Figure 5. Early cytokine response of MØCC differentiated on aECM. Monocytes were induced to differentiate into MØCC on bsa, coll or different aECMs. On day one of differentiation, early cytokine response was determined after LPS stimulation for 5 h (TNFα) or 24 h (all other cytokines). (A) Inflammatory cytokines/chemokines IL-8, MCP-1, IL-1β, IL-6 and TNFα are secreted at high levels. (B) Changes in the levels of released cytokines are presented as fold recovery relative to bsa. MØCC cultured on coll/hsHA show reduced secretion of the early inflammatory cytokines IL-1β and TNFα and the chemoattractant IL-8 while release of chemoattractive MCP-1 is increased in these MØCC and in MØCC cultured coll/lsHA. Secretion of IL-6 in MØCC on all aECMs is similar to bsa and coll. All data are presented as mean ± SD of three to five independent experiments. *p < 0.05 and **p < 0.01.

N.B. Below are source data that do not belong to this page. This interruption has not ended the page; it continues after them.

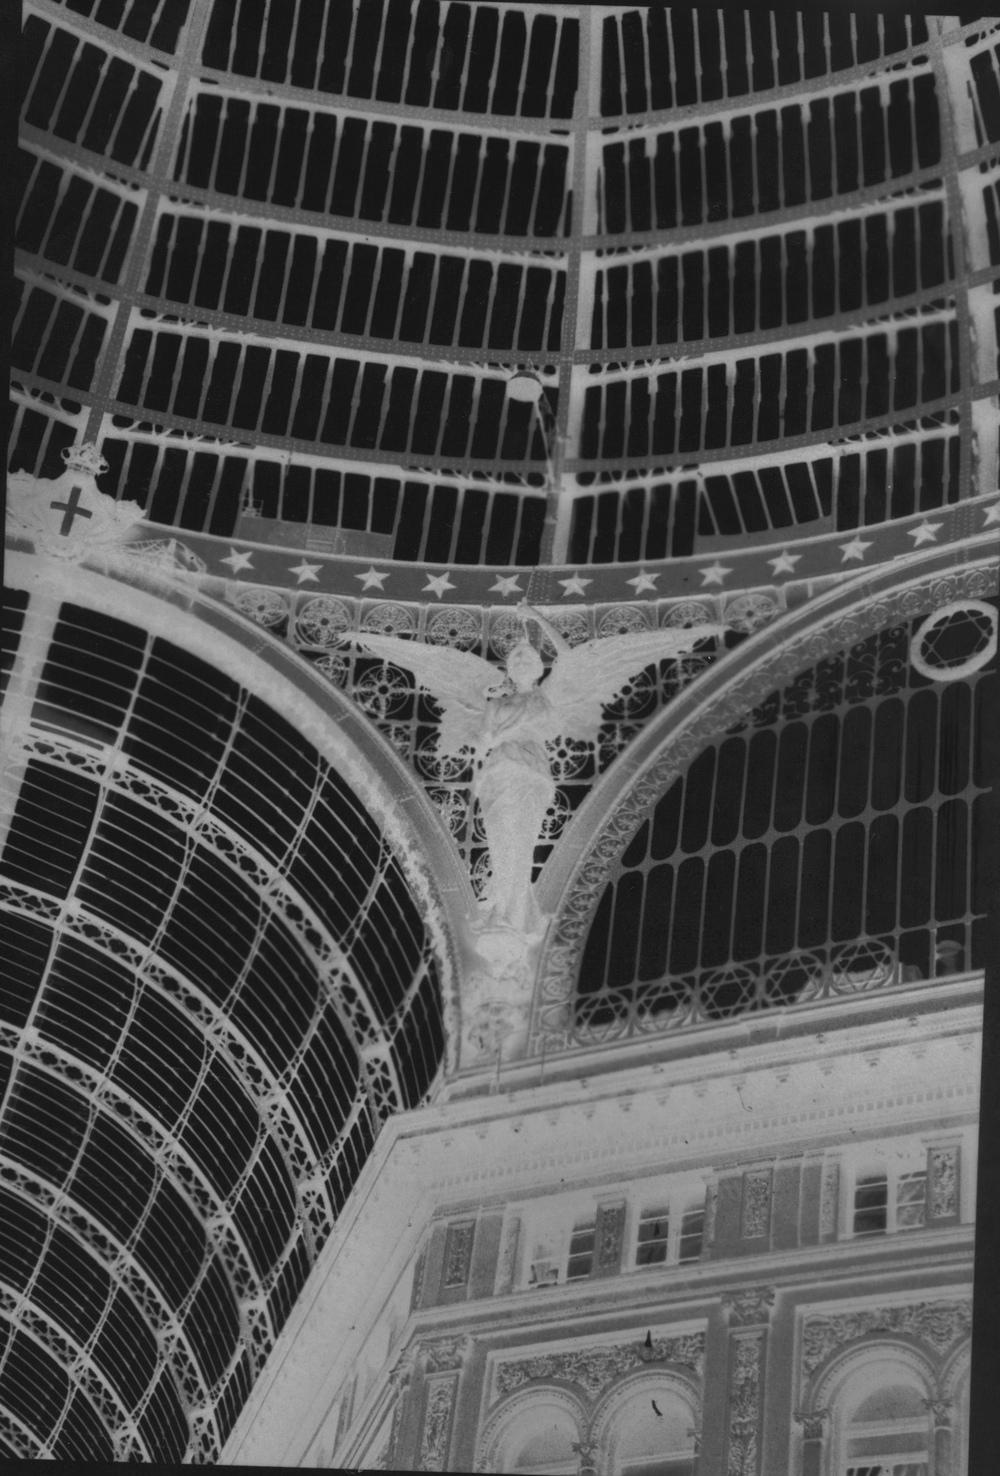 Angel at Galleria Umberto #2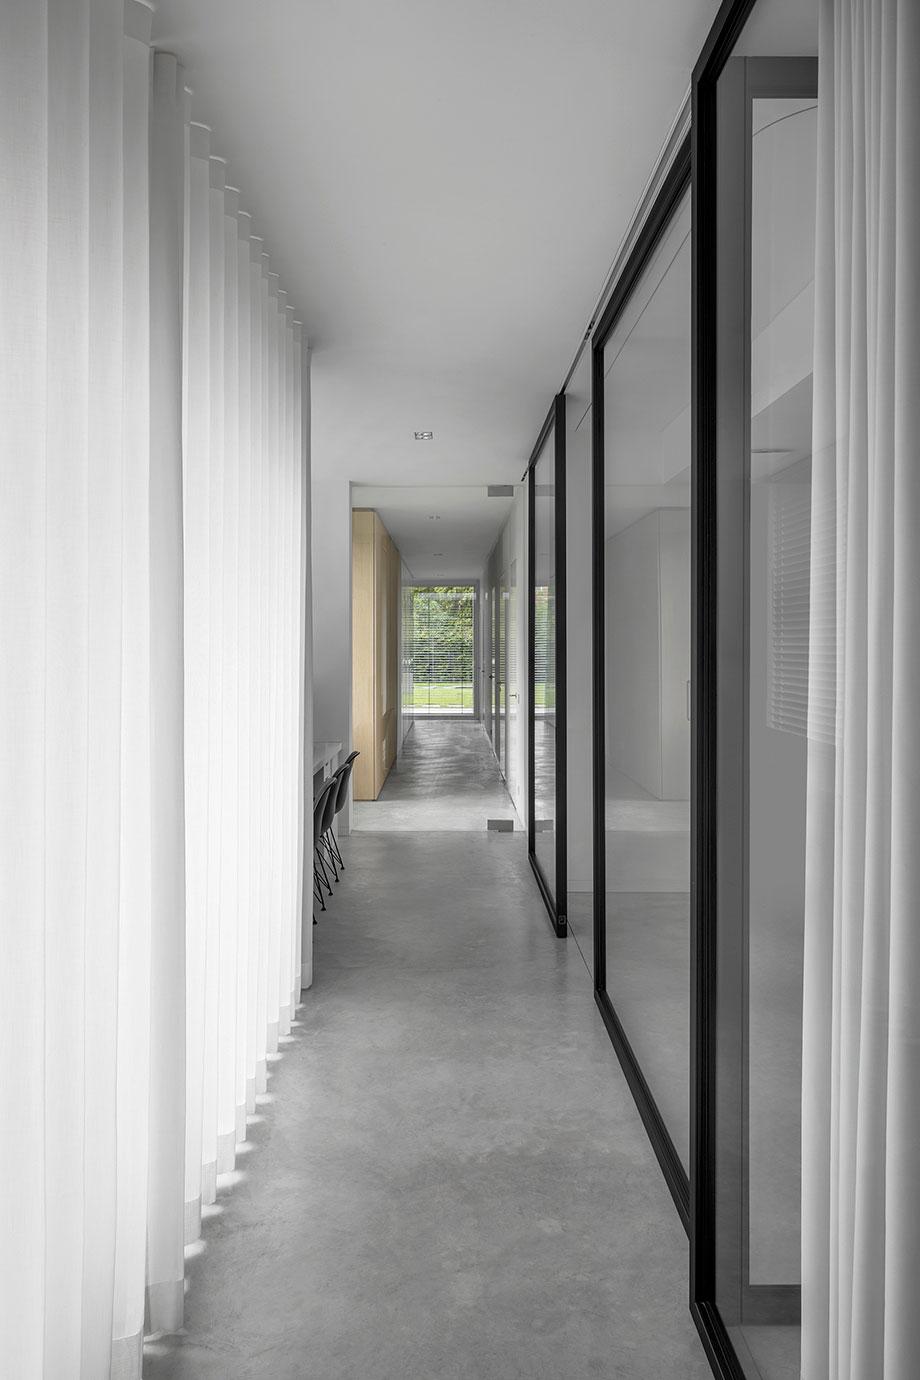 casa de i29 y bedaux de brouwer (5) - foto ewout huibers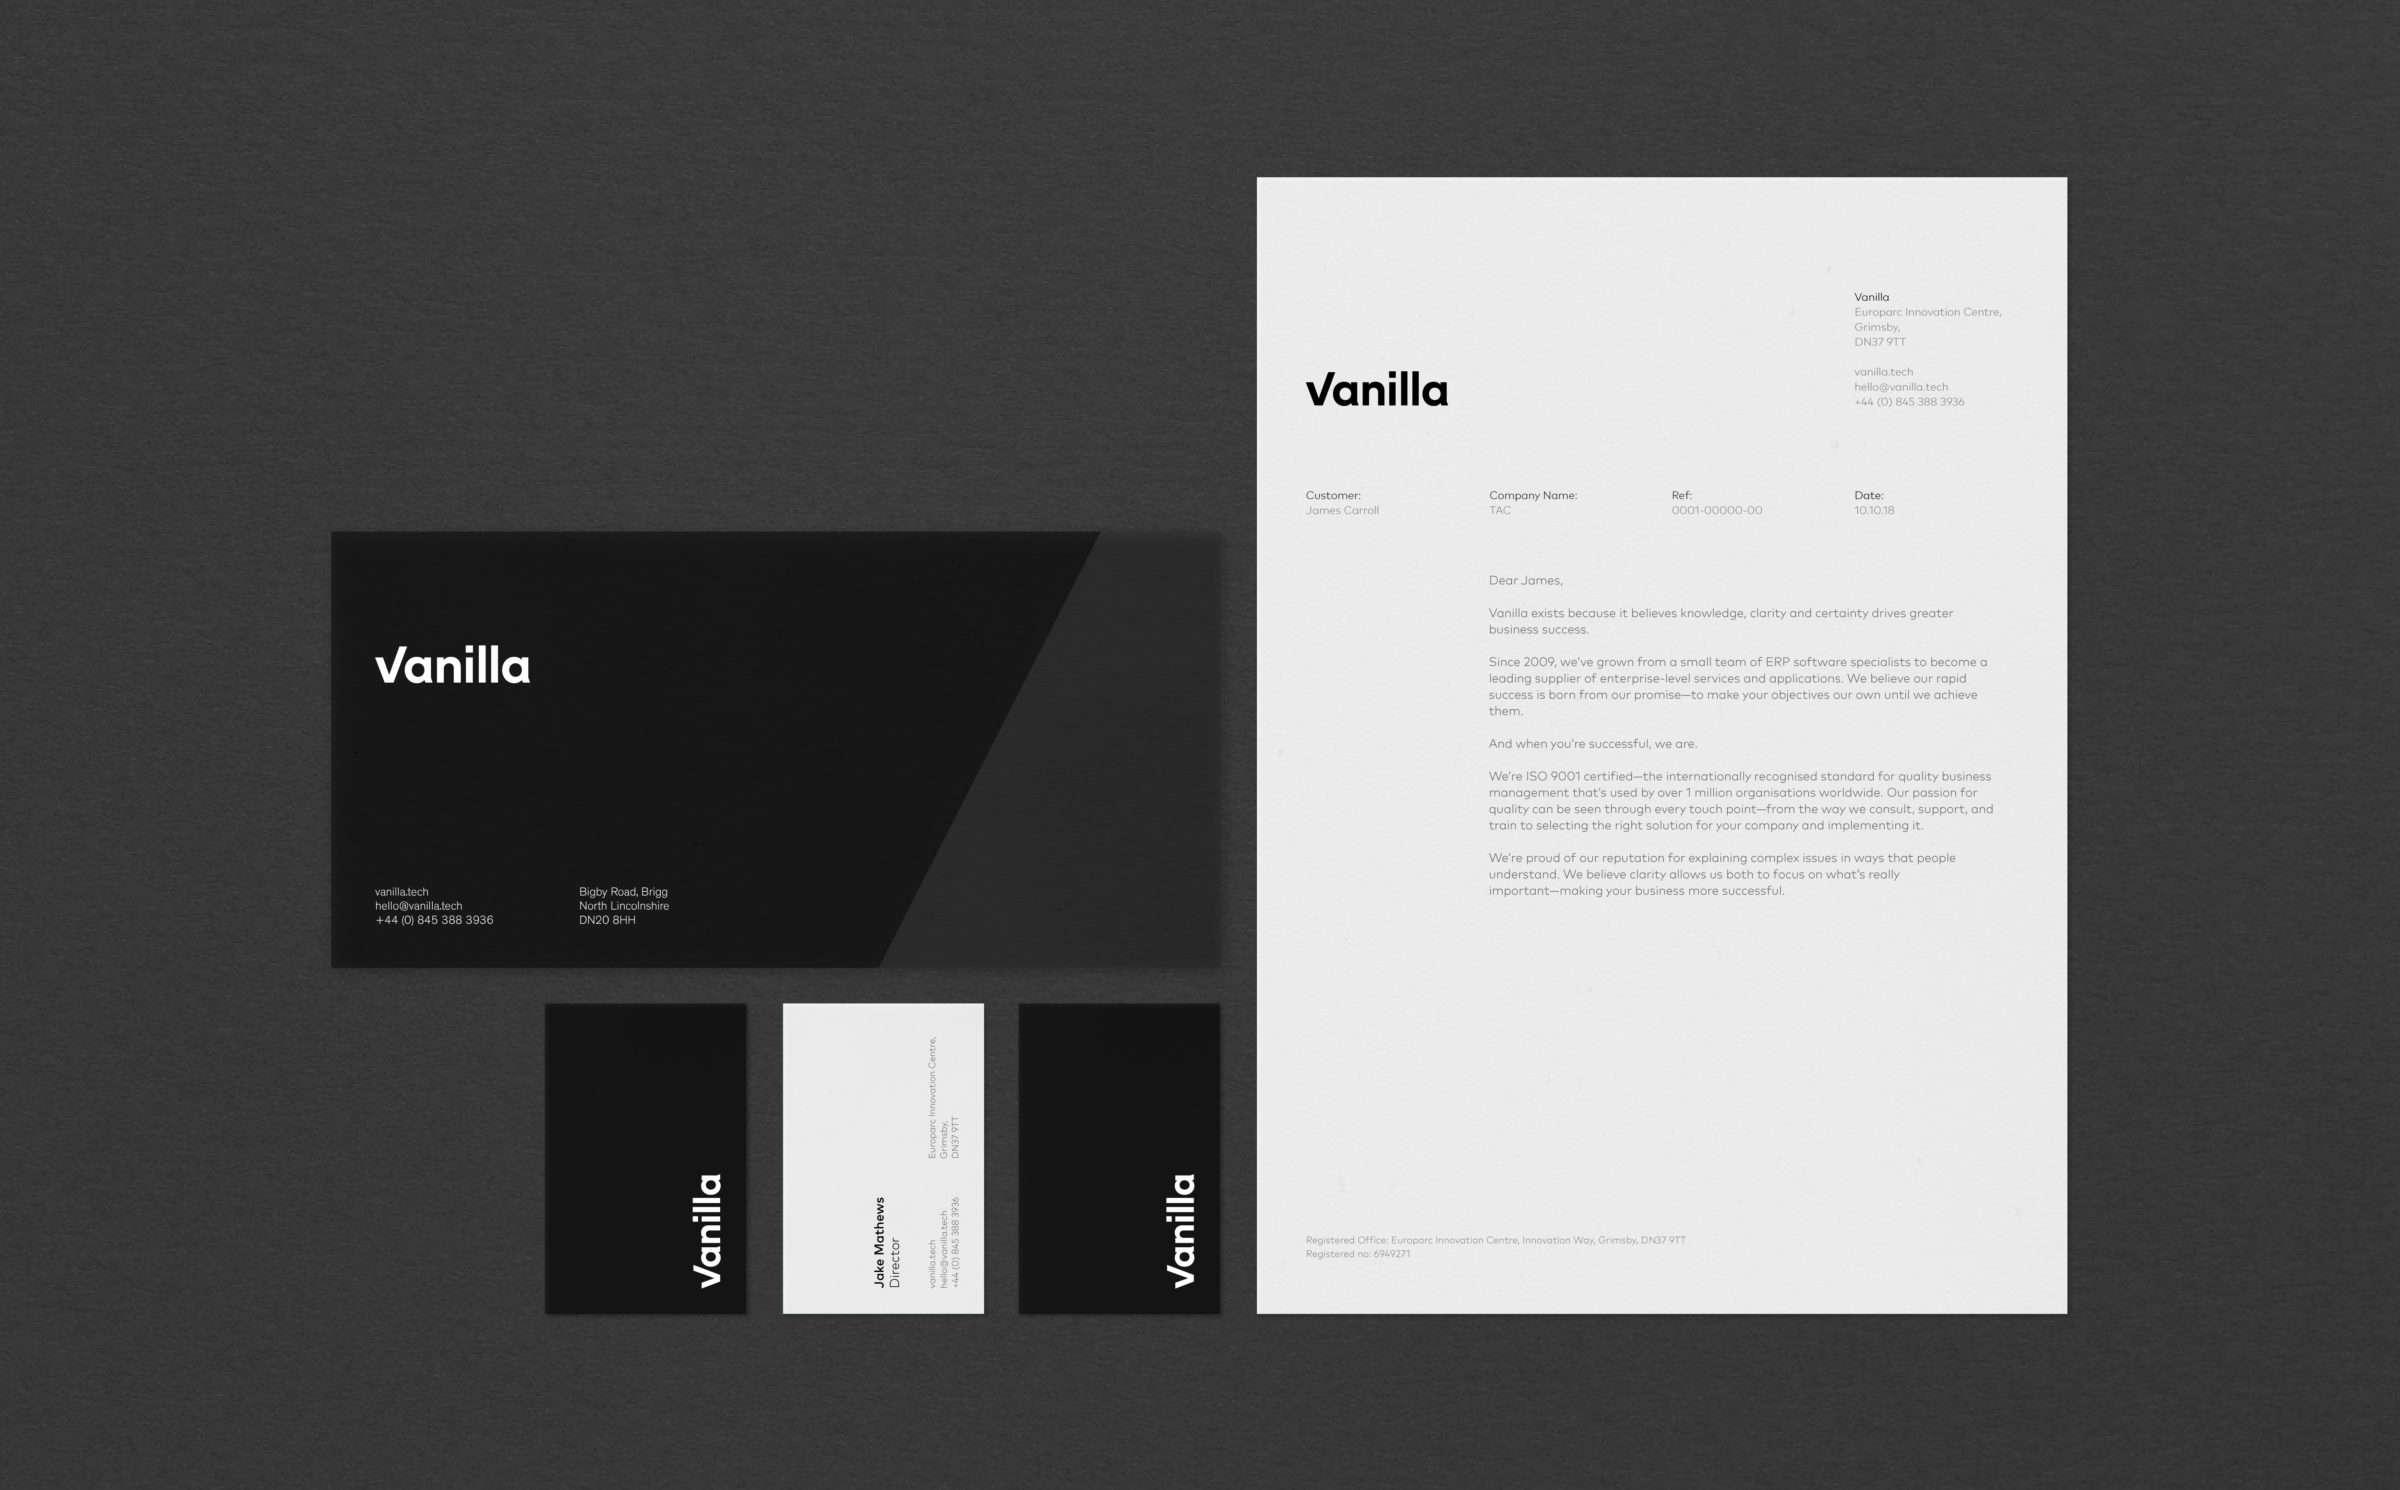 Business stationary design for Vanilla

Figure 6. Late cytokine response of MØCC differentiated on aECM. Monocytes were differentiated into MØCC on bsa, coll or different aECMs. On day 6 of differentiation, cytokine response and NF-κB activation were evaluated after LPS stimulation for 20 min (NF-κB), 5 h (TNFa) or 24 h (all other cytokines). (A) MØCC differentiated on bsa release high levels of inflammatory cytokines/chemokines. (B) Changes in the levels of released cytokines are presented as fold recovery relative to bsa. Release of inflammatory cytokines IL-12(p40), RANTES and TNFα is reduced in MØCC on all aECM whereas levels of the chemokine MCP-1 are elevated. Altered cytokine/chemokine release is most pronounced and significant in MØCC on coll/hsHA. (C) MØCC on bsa produce little amounts of immunoregulatory IL-10 which are elevated in MØCC on coll/lsHA and coll/hsHA. (D) Activation of NF-κB is remarkably reduced in MØCC differentiated on coll/hsHA. Levels of NF-κB were determined by densitometric evaluation and calculation relative to GAPDH which was used as loading control. All data are presented as mean ± SD of three (NF-κB: five) independent experiments. *p < 0.05, **p < 0.01 and ***p < 0.001.